- _EXCERPTED DATA_
------------------------------------
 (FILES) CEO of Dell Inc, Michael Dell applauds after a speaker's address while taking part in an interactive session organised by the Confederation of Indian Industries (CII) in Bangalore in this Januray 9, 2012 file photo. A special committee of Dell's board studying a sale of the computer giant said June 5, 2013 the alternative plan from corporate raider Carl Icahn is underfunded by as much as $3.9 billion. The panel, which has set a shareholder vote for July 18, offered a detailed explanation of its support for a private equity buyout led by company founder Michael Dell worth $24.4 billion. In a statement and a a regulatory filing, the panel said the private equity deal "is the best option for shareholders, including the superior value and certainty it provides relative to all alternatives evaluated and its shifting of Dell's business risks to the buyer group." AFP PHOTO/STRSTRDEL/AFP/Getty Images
------------------------------------
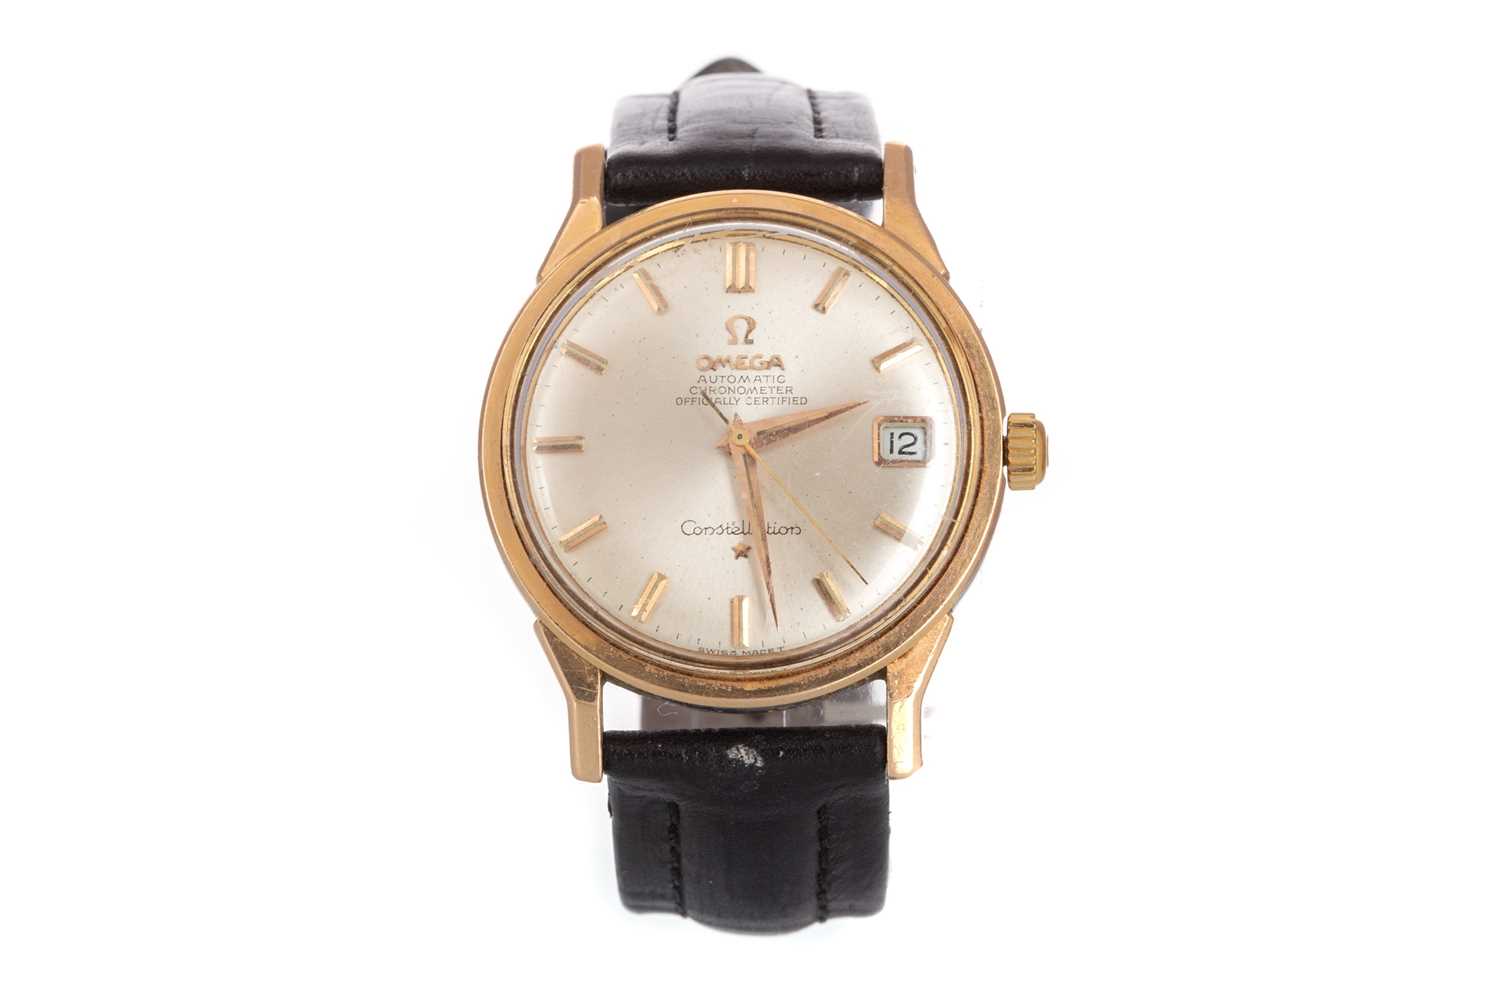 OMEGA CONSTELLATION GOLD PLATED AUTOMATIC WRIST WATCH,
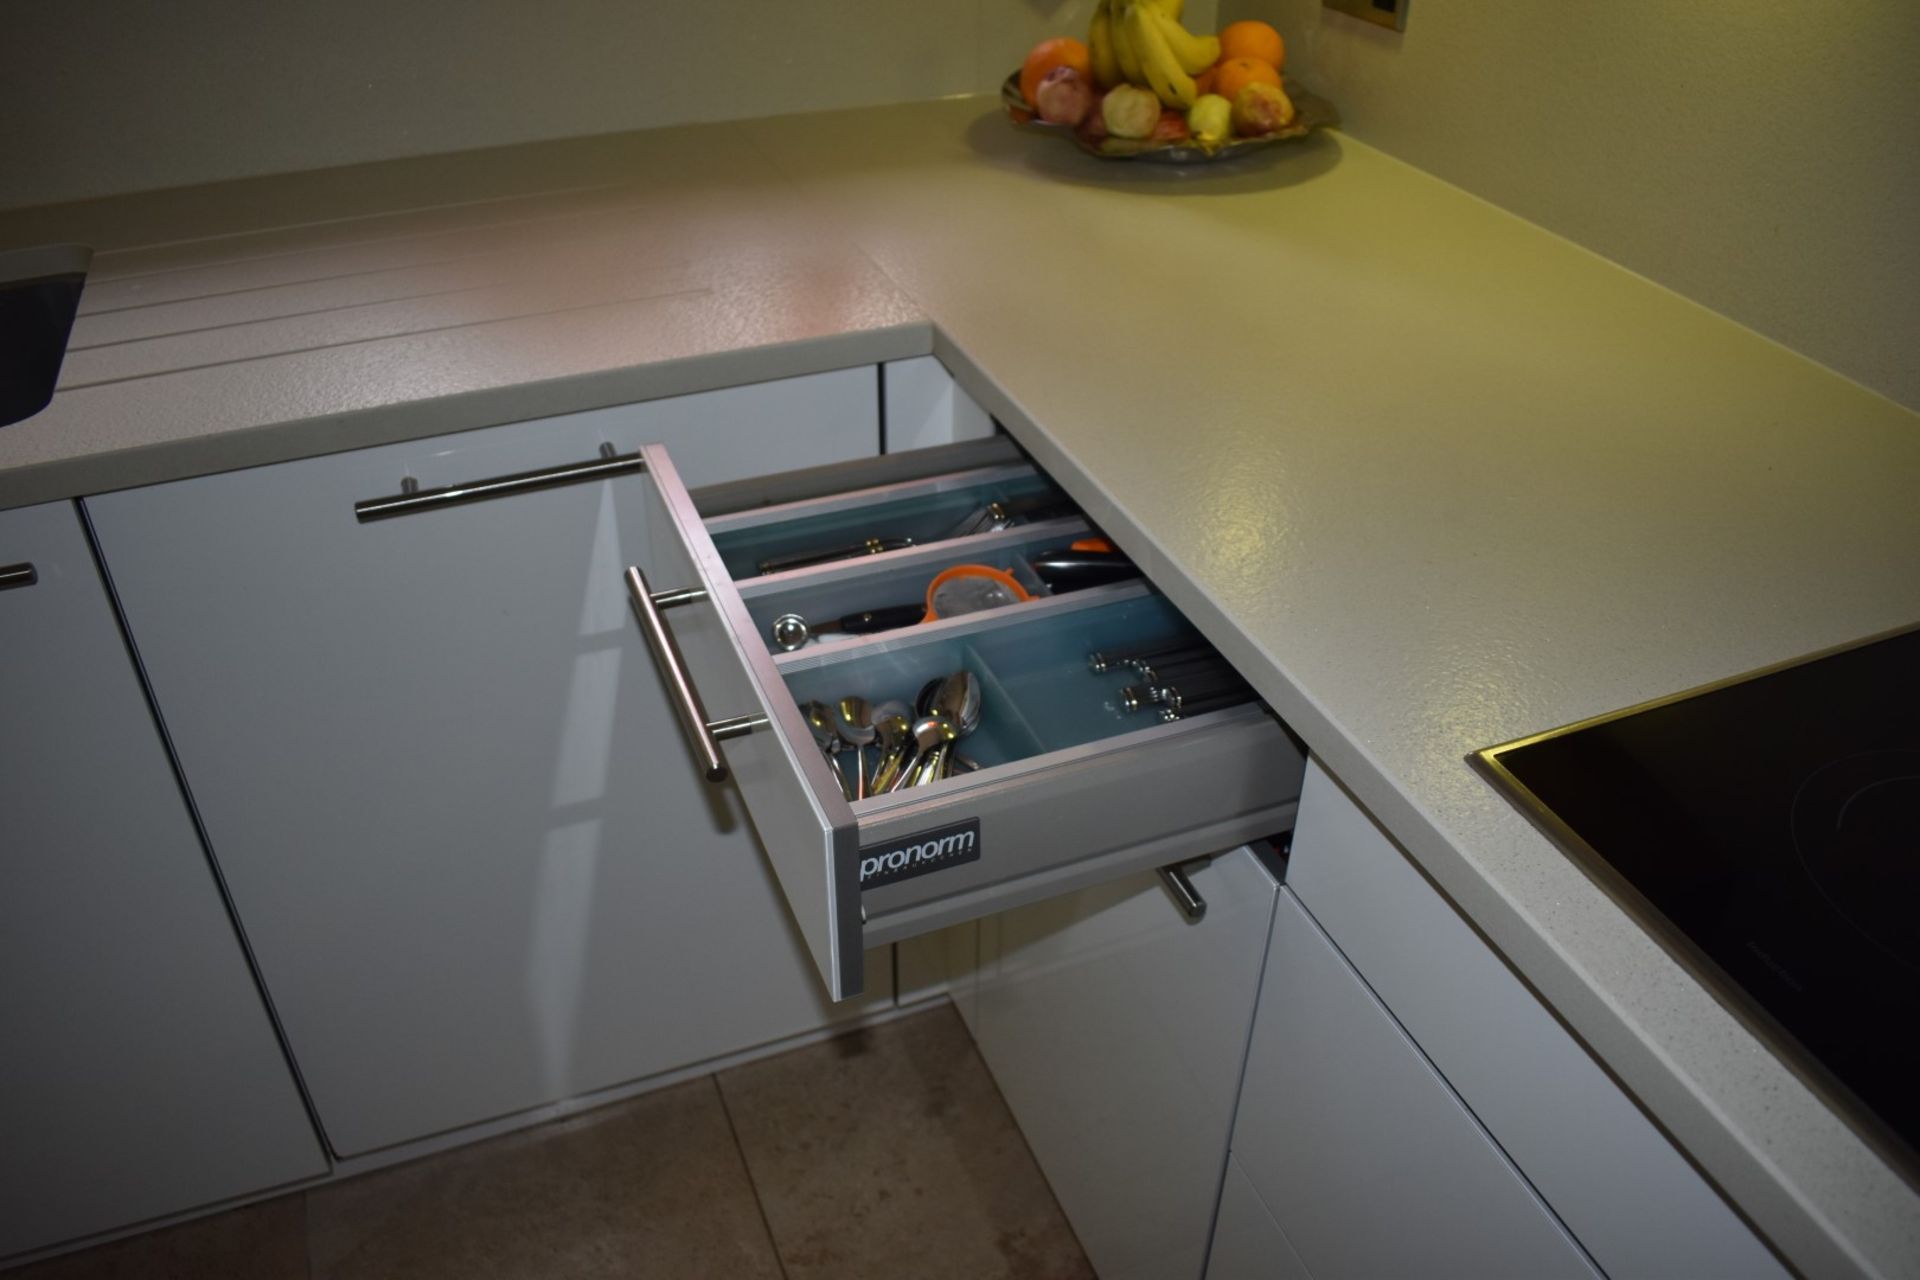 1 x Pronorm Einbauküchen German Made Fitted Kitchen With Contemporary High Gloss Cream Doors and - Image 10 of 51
------------------------------------
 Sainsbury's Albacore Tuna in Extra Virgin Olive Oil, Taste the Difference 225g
------------------------------------
- _PROBLEM DETAILS_
The copy should hold only the lines from the one with "OMEGA CONSTELLATION GOLD" through the one with "1 x Pronorm Einbauküchen", exactly as they stand above. Leave out the pictures.

- _RESPONSE AREA_
 OMEGA CONSTELLATION GOLD PLATED AUTOMATIC WRIST WATCH,
 1 x Pronorm Einbauküchen German Made Fitted Kitchen With Contemporary High Gloss Cream Doors and - Image 10 of 51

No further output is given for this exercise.